00:12Masterclass, personalized menu, individualized dietary follow-up.
00:16Visit the doctor.jeanmichelcohen.fr website.
00:20So, okay guys, after Italy, where are we going?
00:24We arrive in Auvergne-Rhône-Alpes.
00:26It's the saltiness of Auvergne, and then it's the quenelles in Lyon.
00:30Well, the Lyon rosette, nice to eat from time to time.
00:32I still remind you, 380 calories, 24 grams of protein, that's not bad,
00:36but 30 grams of fat, very salty, with bad fatty acids.
00:39Interesting, on the other hand, for the cyclists of the Tour de France,
00:42because as it is salty, it will retain water, they will not be dehydrated.
00:46The quenelles, on the other hand, great product.
00:48Well, it's really a French tradition.
00:50It's flour, butter, milk, eggs in a biscuit, etc.
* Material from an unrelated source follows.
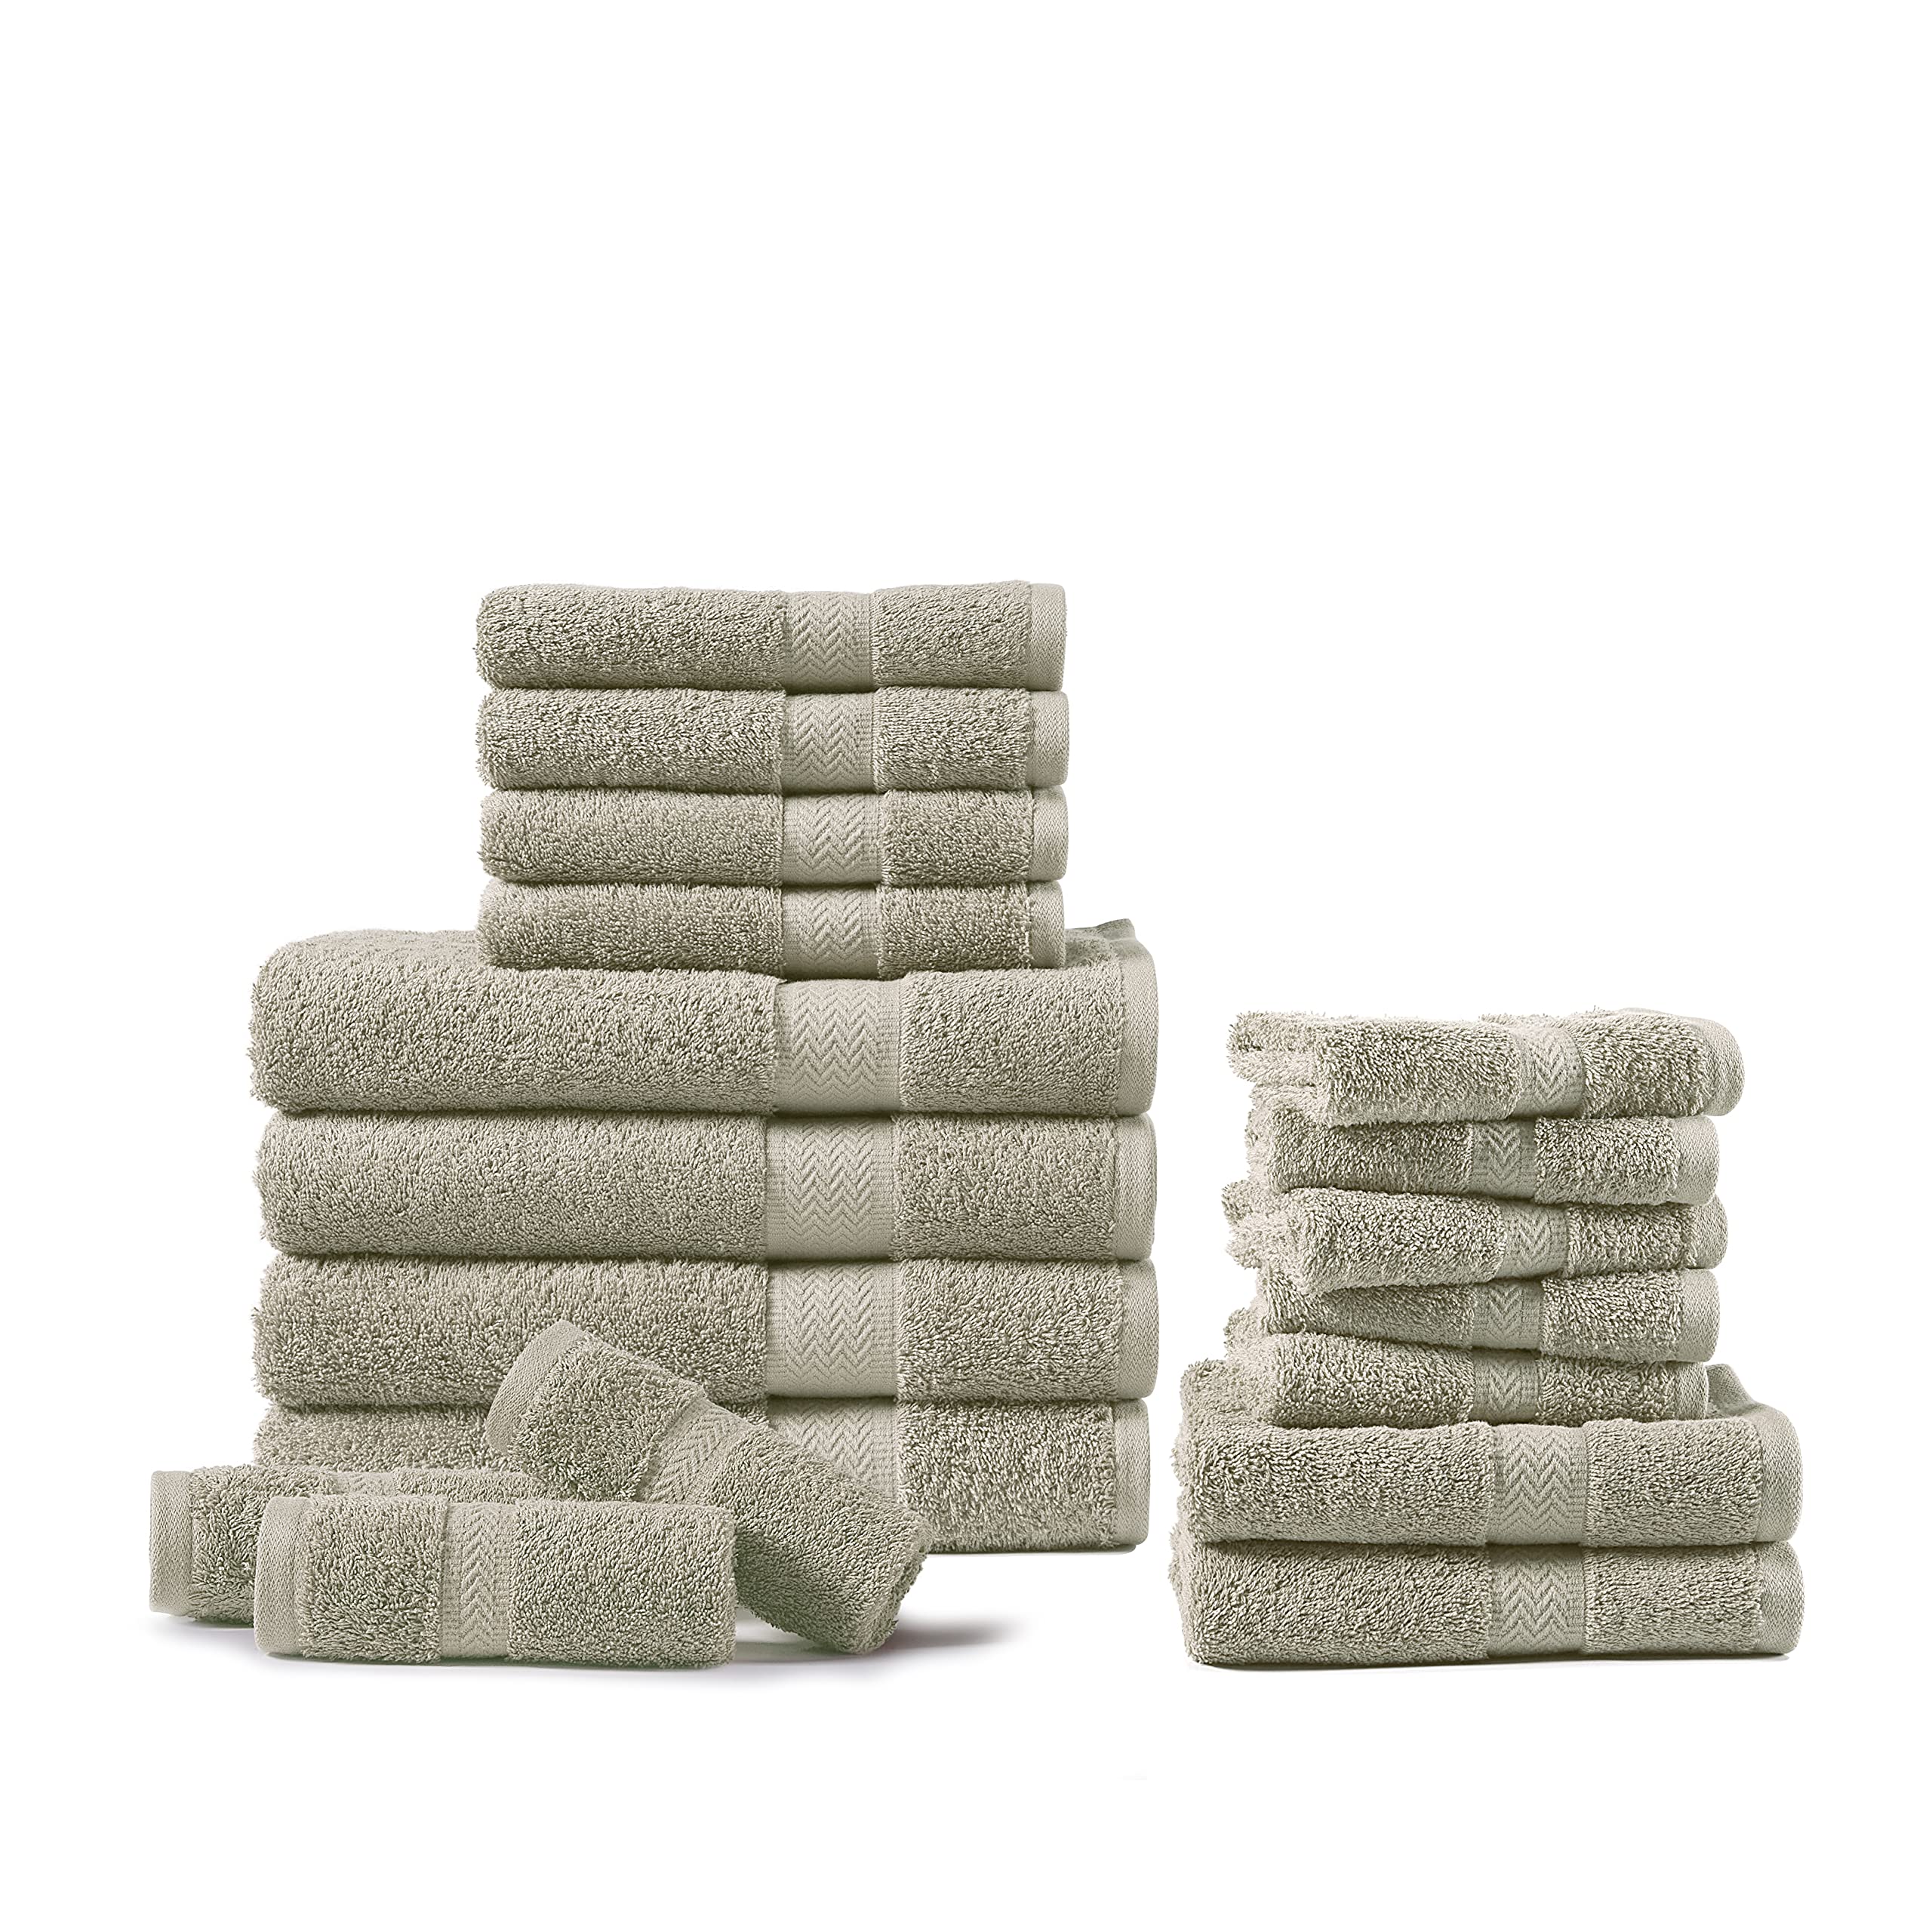 Bathroom Towels 12 Pcs 600 GSM - 100% Cotton 4 Bath Sheets, 4 Hand Towels  for Ba

00:54Not as rich as that, 130 calories for 100 grams.
00:57Not very rich in protein, but it doesn't matter.
00:59I mean, it's something to make fun of.
01:00In any case, it's really typical of Lyon.
01:02I'm talking about Bourgogne-Franche-Comté.
01:05So, Bourgogne-Franche-Comté, Bourgogne snails.
01:08So, Bourgogne snails, what does that mean?
01:10It's a bit like bulloasts, like molluscs.
01:13These are products that are relatively rich in protein.
01:15We go up to 16 grams of protein per 100 grams.
01:18It's just that it's plumbed, in general, by the peeled garlic butter.
01:21Well, it's the one we like.
01:22We eat a little bit of snail.
01:24Well, we love to dip it in the sauce.
01:25But it's still typical of our French diet.
01:28A very protein-rich product, anyway.
01:30And then, a favorite of favorites, it's Bourguignon beef.
01:32Why do I like these products?
01:34It's because this meat, well, it's cooked.
01:36Everyone says it's rotten, it's not good.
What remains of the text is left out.